Redmi’s General Manager calls ToF sensors a gimmick intended to deceive users
Time of Flight (ToF) sensors are sensors that measure the 3D depth information of an object on the basis of the time it takes infrared signals to travel between the sensor, the object, and then back to the sensor. These ToF camera sensors are used primarily to enable 3D mapping at a distance, most commonly for facial recognition purposes as seen on the Huawei Mate 20 Pro, the iPhone X, and the Xiaomi Mi 8 Explorer Edition. On the other hand, devices like the Honor View 20 have a ToF sensor on the back of the device, allowing it to be used for other features like AI calorie counting, 3D shaping, and 3D motion-controlled gaming.
Despite all of these features, Redmi’s General Manager Mr. Lu Weibing believes that ToF technology is merely used for gimmicky purposes. According to him, this technology has no real use and is just employed to deceive users and get them to spend more money. Mr.
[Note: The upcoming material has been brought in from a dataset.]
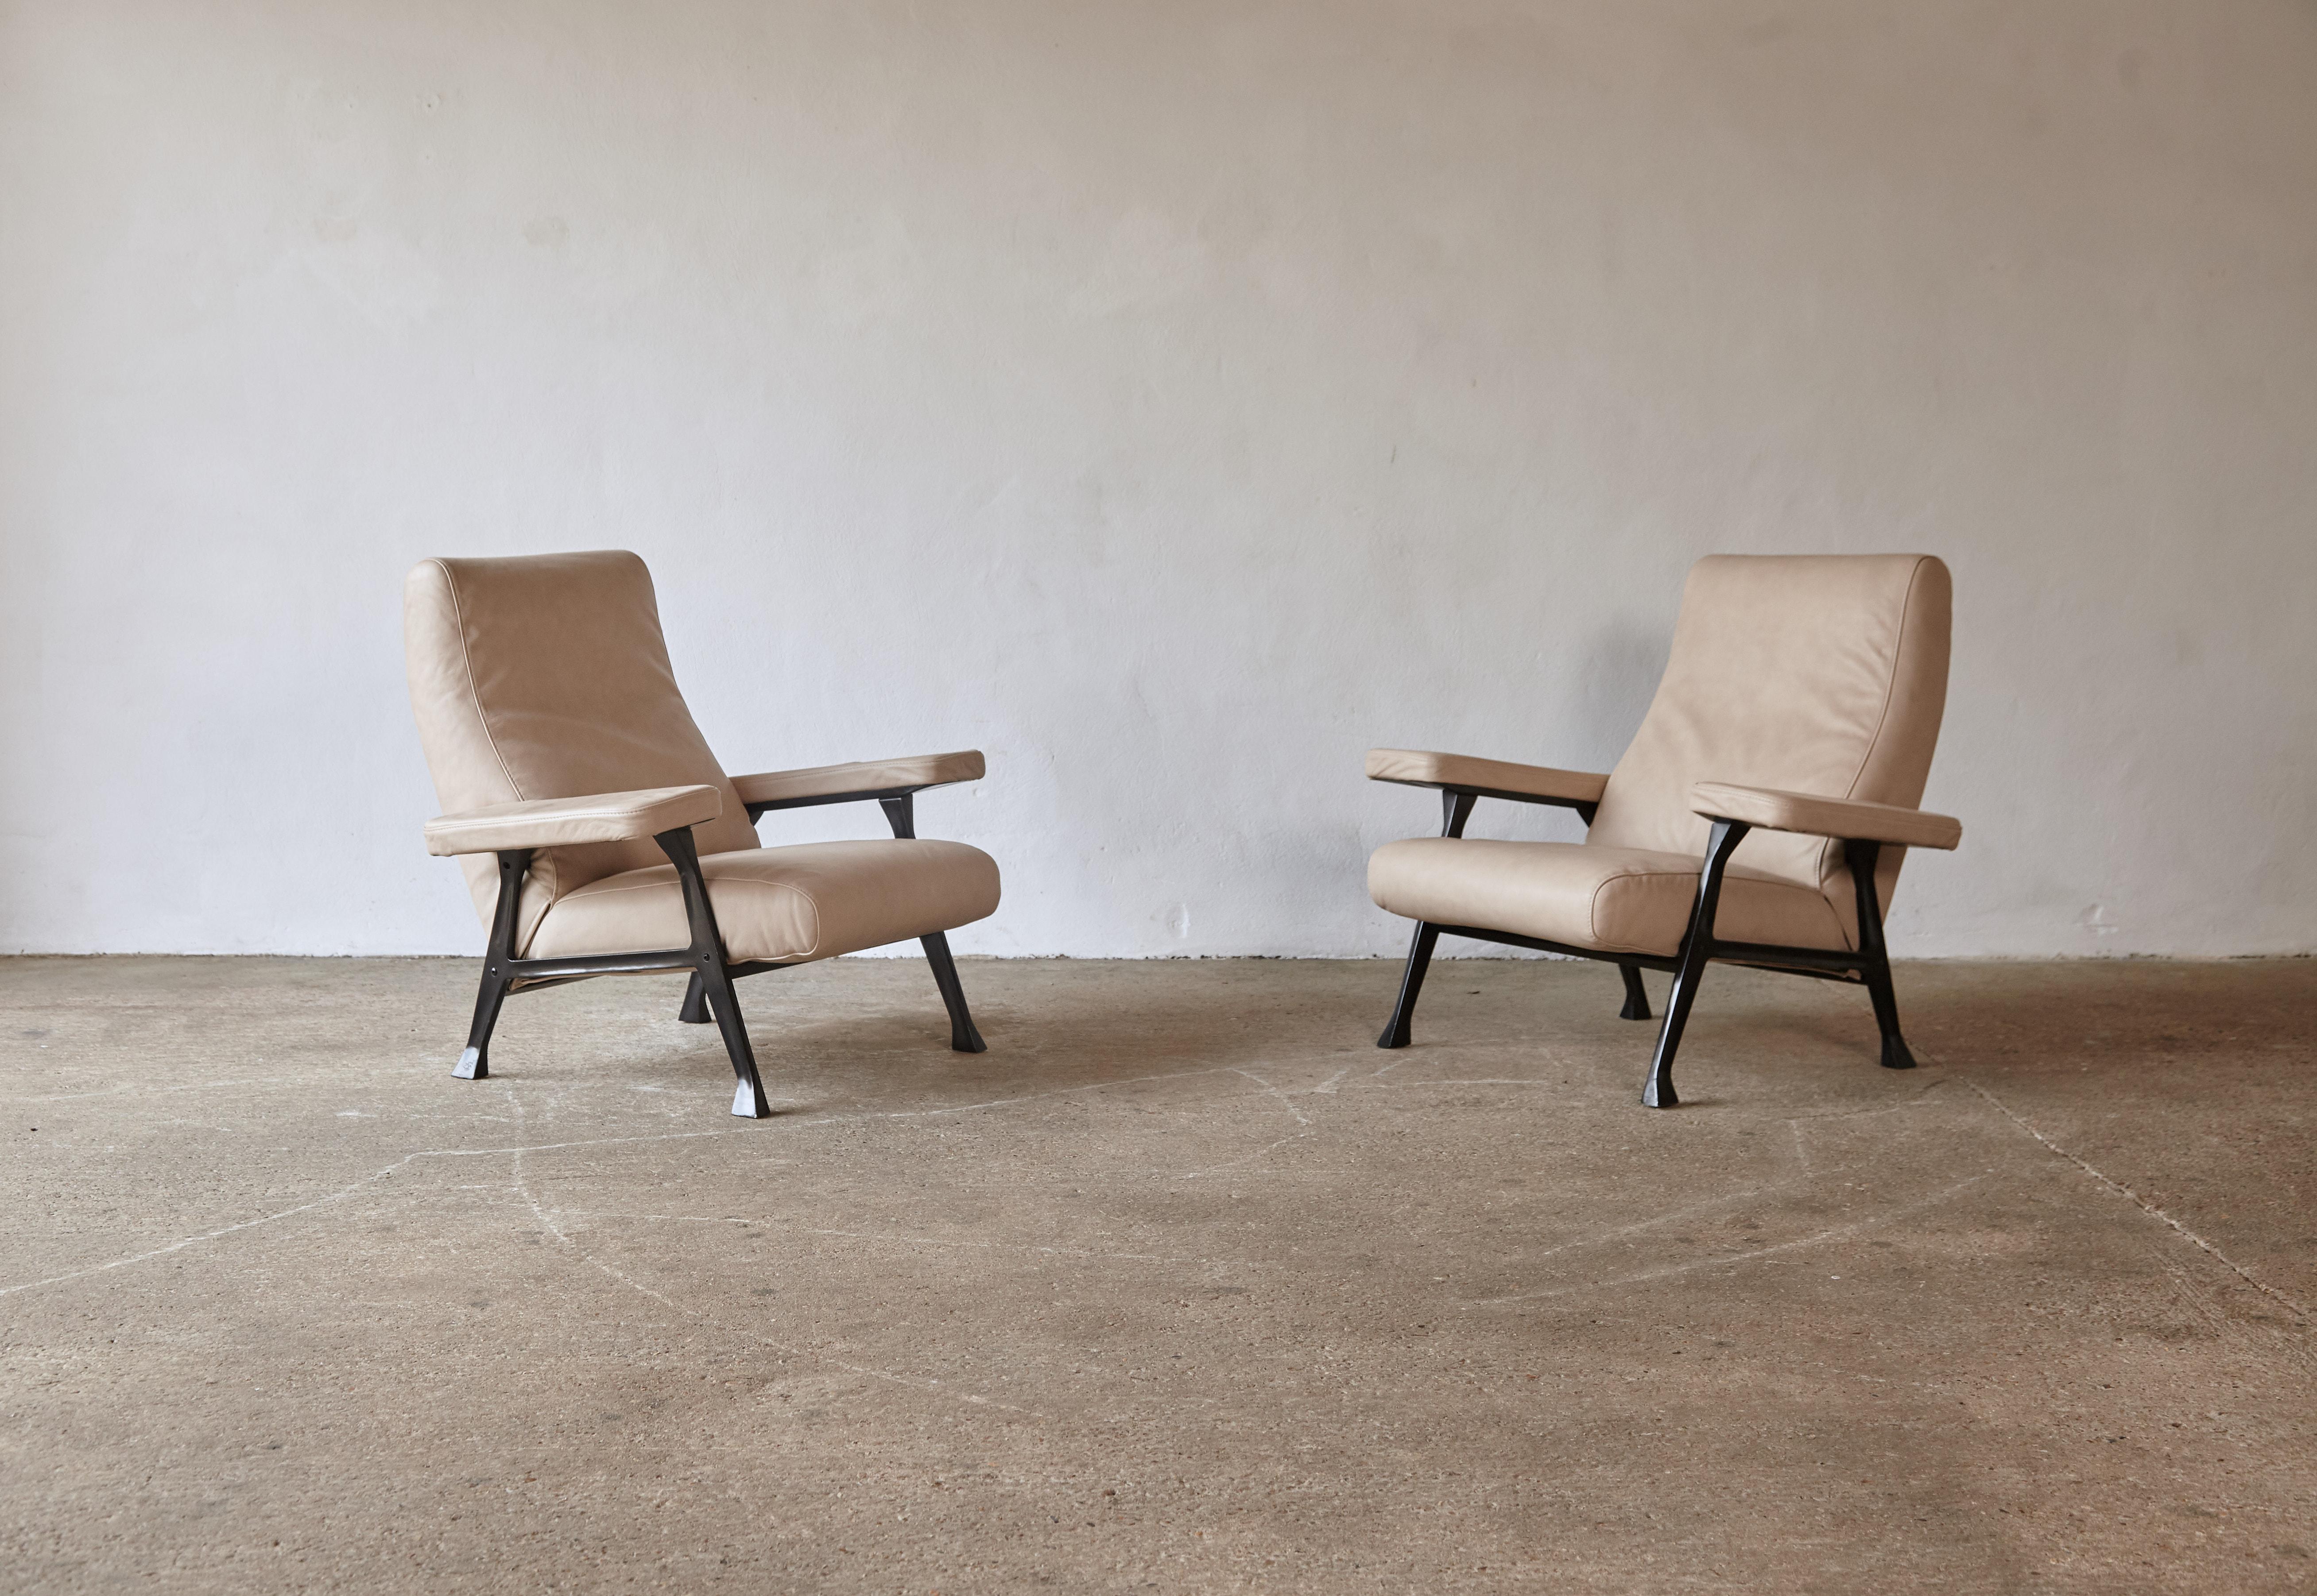 Paire originale et rare de chaises de salle Roberto Menghi, produites par Arflex, Italie, années 1950. La tapisserie d'ameublement a pris de l'âge et ces chaises peuvent être retapissées dans le tissu choisi par le client. Les cadres métalliques

Weibing specifically says all of this in the context of the Honor View 20. He also points out that ToF sensors and devices that come with it entered mass production in Q3 2018, so there’s no real way that Honor would be the “first to create technology” (which we presume is with reference to perhaps a prior claim from Honor on being the first to use this technology).
Mr. Weibing’s opinions are not entirely wrong, or right either. Calling the entirety of ToF sensors as useless does a disservice to the technology, as it does have real use with depth detection. On the front of the device, the sensor can be used for more accurate face unlocks, while the sensor, when placed on the back of the device, can be used for better edge detection for background blurs on portrait modes. A recent report from Digitimes mentions that Android-based smartphones featuring 3D sensing ToF technology are set to boom in 2019. Shipments of ToF-focused Android smartphones are estimated to reach 20 Million units, which would not be possible if the technology was just all smoke and no fire. We hope Mr. Weibing did not mean this, and this interpretation is because of translation variance.
Within the context of the Honor View 20, some of the features are indeed gimmicky — 3D motion controlled gaming requires extra hardware, and the experience needs so much more polish to be smoothly enjoyed as a game. AI calorie counting and 3D shaping will also see use in limited scenarios, if at all.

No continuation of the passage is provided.